The brand-new building was designed to hold 72 dogs. After only a month, it already has more than twice that.

A $75 million animal shelter in Queens, the borough’s first and only public shelter, was supposed to boost adoption rates, making animals irresistible to prospective owners.
It had spacious kennels for dogs. A skylight in the adoption room. Dedicated rooms for cats to roam free. High ceilings and state-of-the-art veterinary facilities, including a dental clinic.
But before it even opened in late July, the shelter was already in trouble.
The 50,000-square-foot building, designed to accommodate 72 dogs, was tapped to take in 77 dogs displaced from a city-run Brooklyn shelter that closed for renovations. Councilman Robert Holden, who represents a part of Queens near the shelter, said he recently received photos that showed dogs penned in small kennels with shredded blankets and bedding, smeared in excrement, their water and food dishes empty and overturned.
Alarmed by the images, Mr. Holden went to see the facility, the Queens Animal Care Center, for himself.
He was greeted with an earsplitting cacophony of barking and the unpleasant odor of dog excrement, he said. The roof leaked, the ventilation was “horrendous” and “a lot of things don’t work in it,” he said.
The gleaming promise of the new facility had crashed into the messy reality of shelter work.
Rescue experts and animal welfare advocates say the situation in Queens is just one symptom of a bigger crisis: A steady stream of animals in need of homes coupled with stagnant adoption rates is pushing the city’s shelters toward a breaking point.
Just one month after opening, the Queens shelter’s dog population is at more than 210 percent capacity, and there are almost twice as many cats as there should be. Staff shortages have left the workers and volunteers scrambling.

The shelter, operated by the Animal Care Centers nonprofit system that runs New York City’s public animal shelters, was more than two decades in the making. In 2000, the City Council passed a bill requiring each borough to have an animal shelter. Finally set in 2019 for an industrial plot in Ridgewood, the Queens shelter was delayed for years by budget and zoning constraints, toxic chemicals in the soil and construction issues.
Still, excitement abounded as the opening day approached.
“We thought, well, it’s so great, it’s such a great adoption experience, that the animals will fly off the shelves,” said Katy Hansen, a spokeswoman for Animal Care Centers of NYC.
That hasn’t happened, and animals haven’t stopped streaming in.

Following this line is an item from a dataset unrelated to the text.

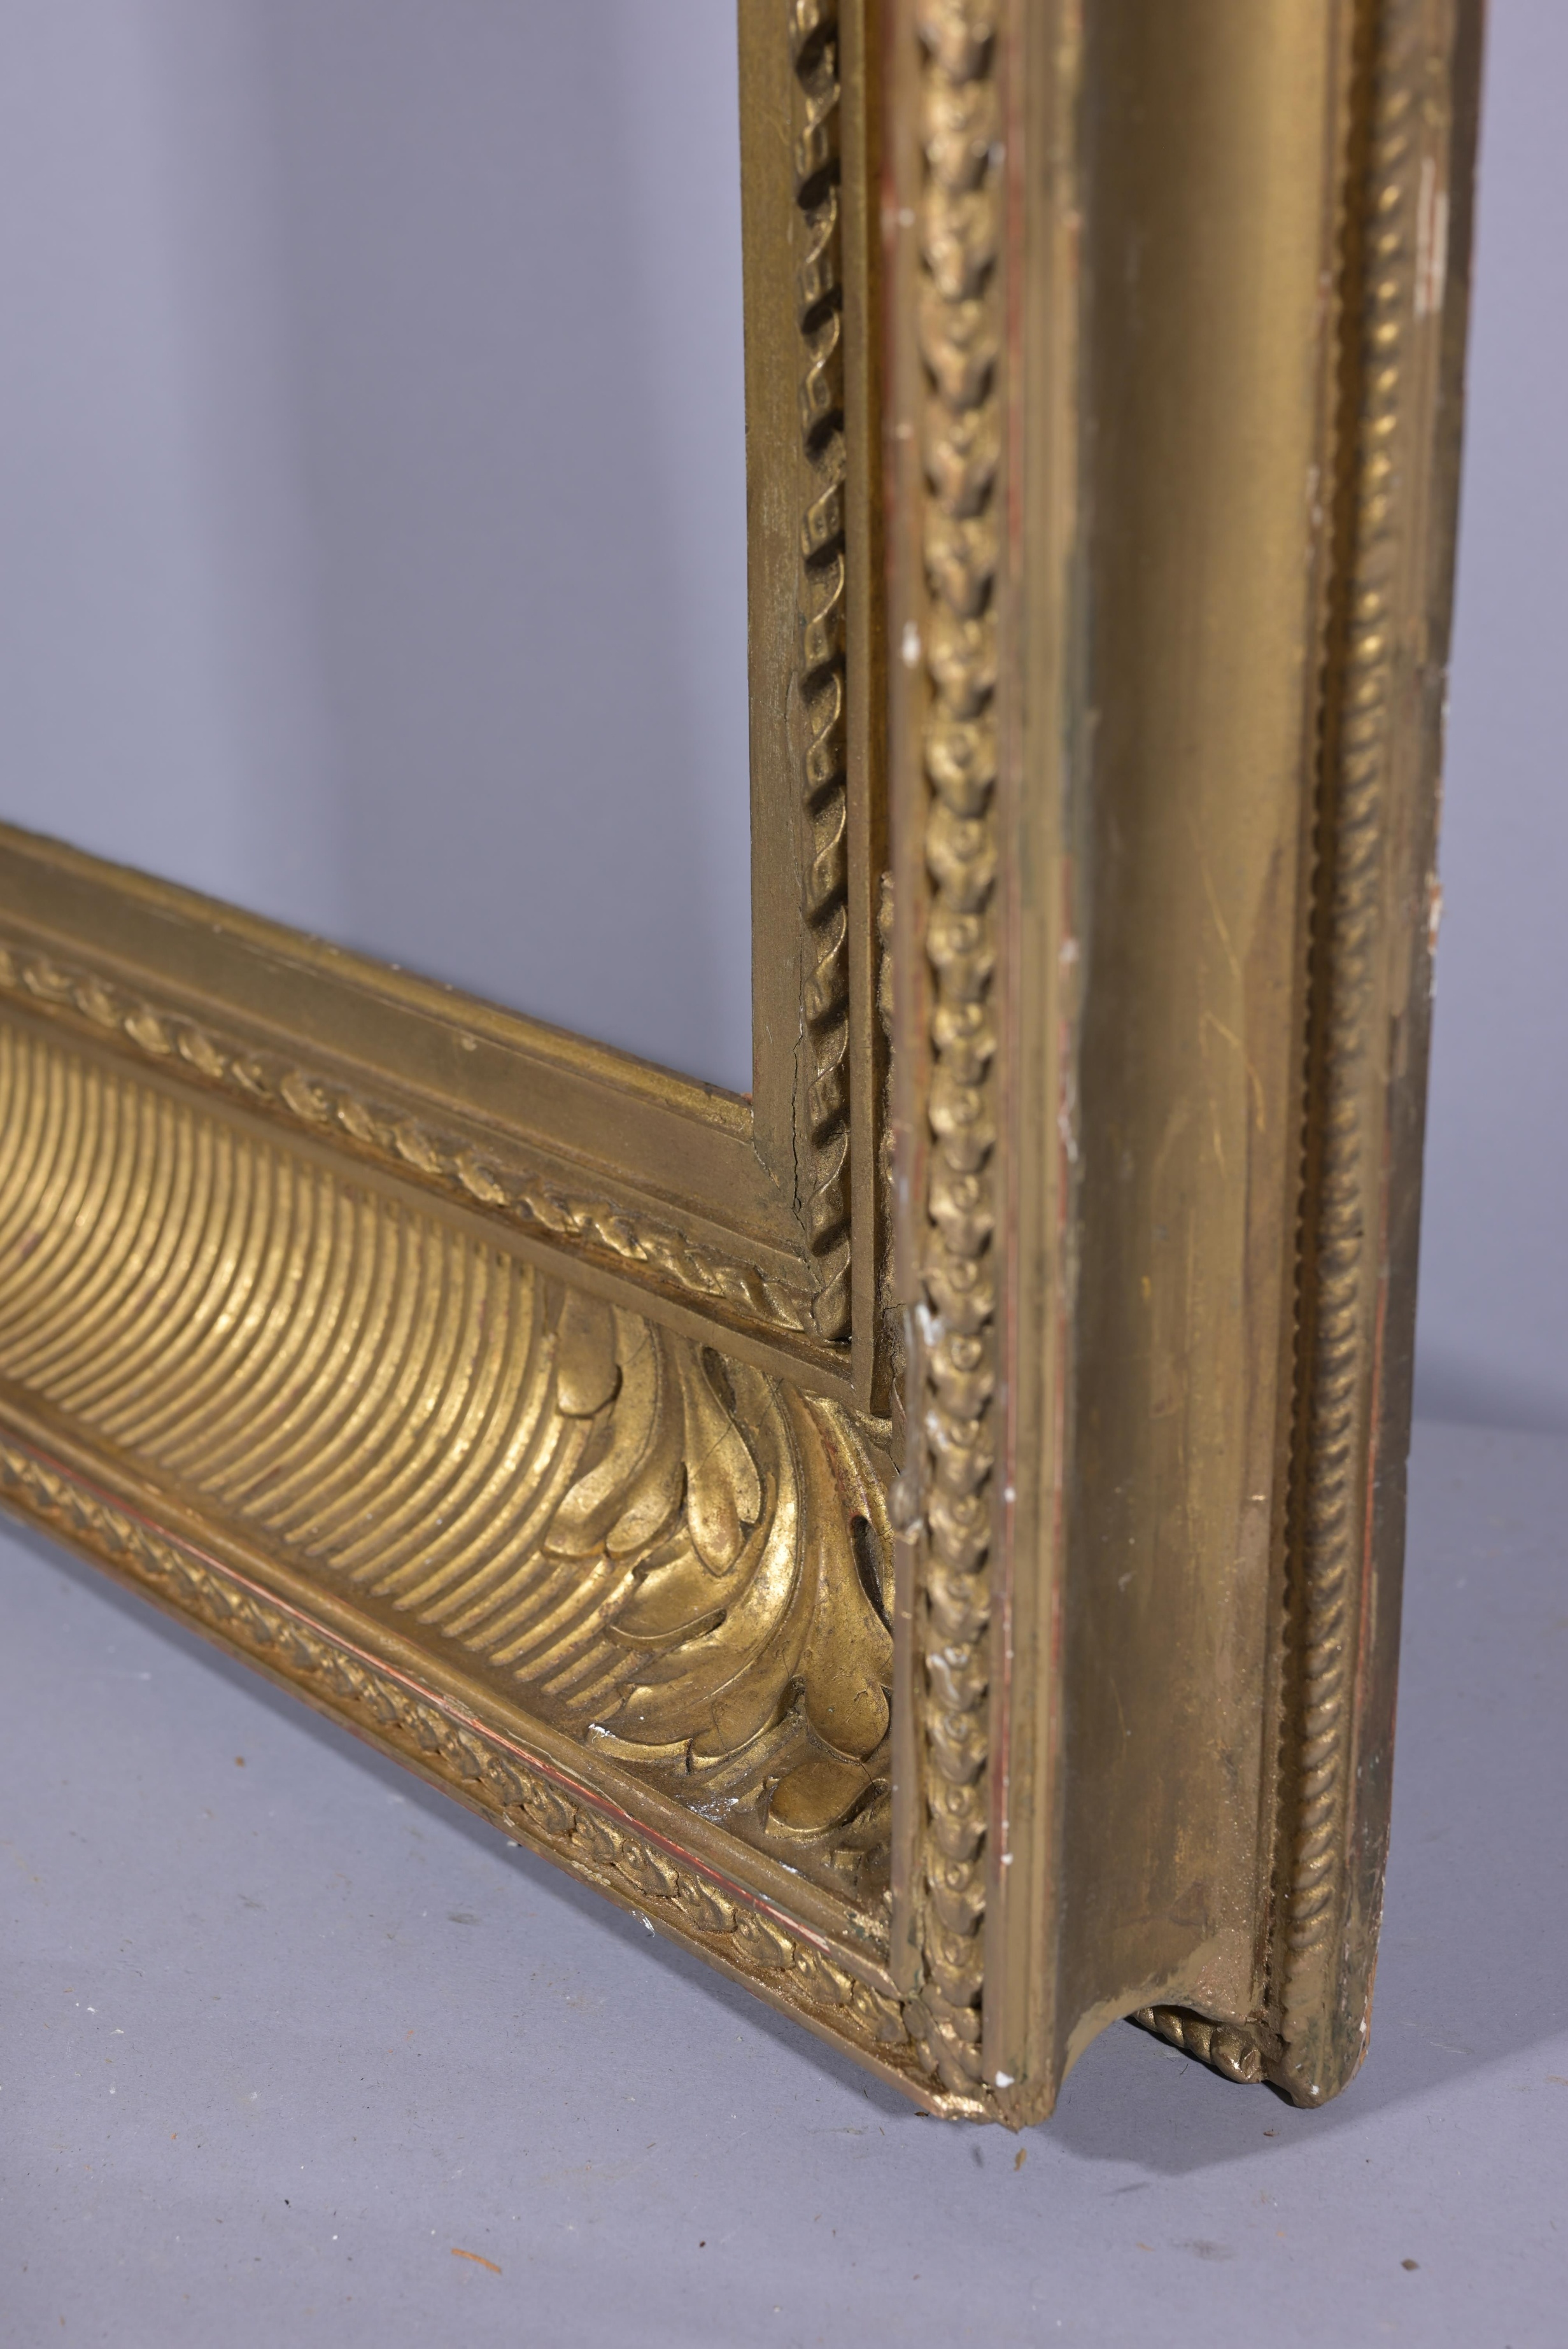 French 1860's Gilt Frame - 29.75 x 20.25 - Image 7 of 8

Currently, the shelter houses close to 160 dogs. Its kennels, designed to have two chambers for dogs to move between, have been divided in half to contain the overflow, Ms. Hansen said.
According to the terms of its city contract, Animal Care Centers cannot turn away animals, even when they are at capacity.
Ms. Hansen said the photos Mr. Holden described — which were published by The New York Post — don’t capture the complete picture of what it’s like for animals in the shelter and have put additional stress on staff and volunteers.
“We are making it work,” Ms. Hansen said. “And, you know, for every one picture you see of a dog in a dirty kennel, there’s 500 pictures of dogs in great condition.”
Still, Ms. Hansen acknowledged their difficult situation. “We’re in dire straits,” she said.
In June, the most recent month for which data is available, the three Animal Care Centers in Manhattan, Brooklyn and Staten Island took in 434 dogs, according to public records. That month, 108 dogs were adopted, 54 were euthanized, 216 were transferred to other rescue groups and 83 were returned to the families that surrendered them.
Rescuers say that the primary issue shelters face right now isn’t an uptick in surrendered or abandoned animals, but declining adoption rates, specifically for dogs.
“There’s people still adopting, but they’re not enough to clear the shelter, if you will,” said Christa Chadwick, vice president of shelter services at the American Society for the Prevention of Cruelty to Animals.
The skyrocketing cost of veterinary care and the rising prices of pet supplies are keeping some people from adopting. Some rescuers say the city should invest more in subsidizing spay and neuter services, which can cost nearly $1,000 in New York, to make them more accessible and stop the overcrowding problem at its source.
Recently, more animals coming into Animal Care Centers facilities have had behavior or health concerns, Ms. Hansen said, making it harder to find permanent homes for them.
“It’s a confluence of just terrible things happening all at once, and our shelters are not designed to house this many animals,” Ms. Hansen said.
The Brooklyn shelter is not set to reopen until 2026. The fifth borough shelter, in the Bronx, is slated to open next year, but will only accommodate about 70 dogs.
And the Queens shelter is still looking for more help.
It is hiring for 10 different jobs, including animal care specialists, veterinarians and veterinary technicians.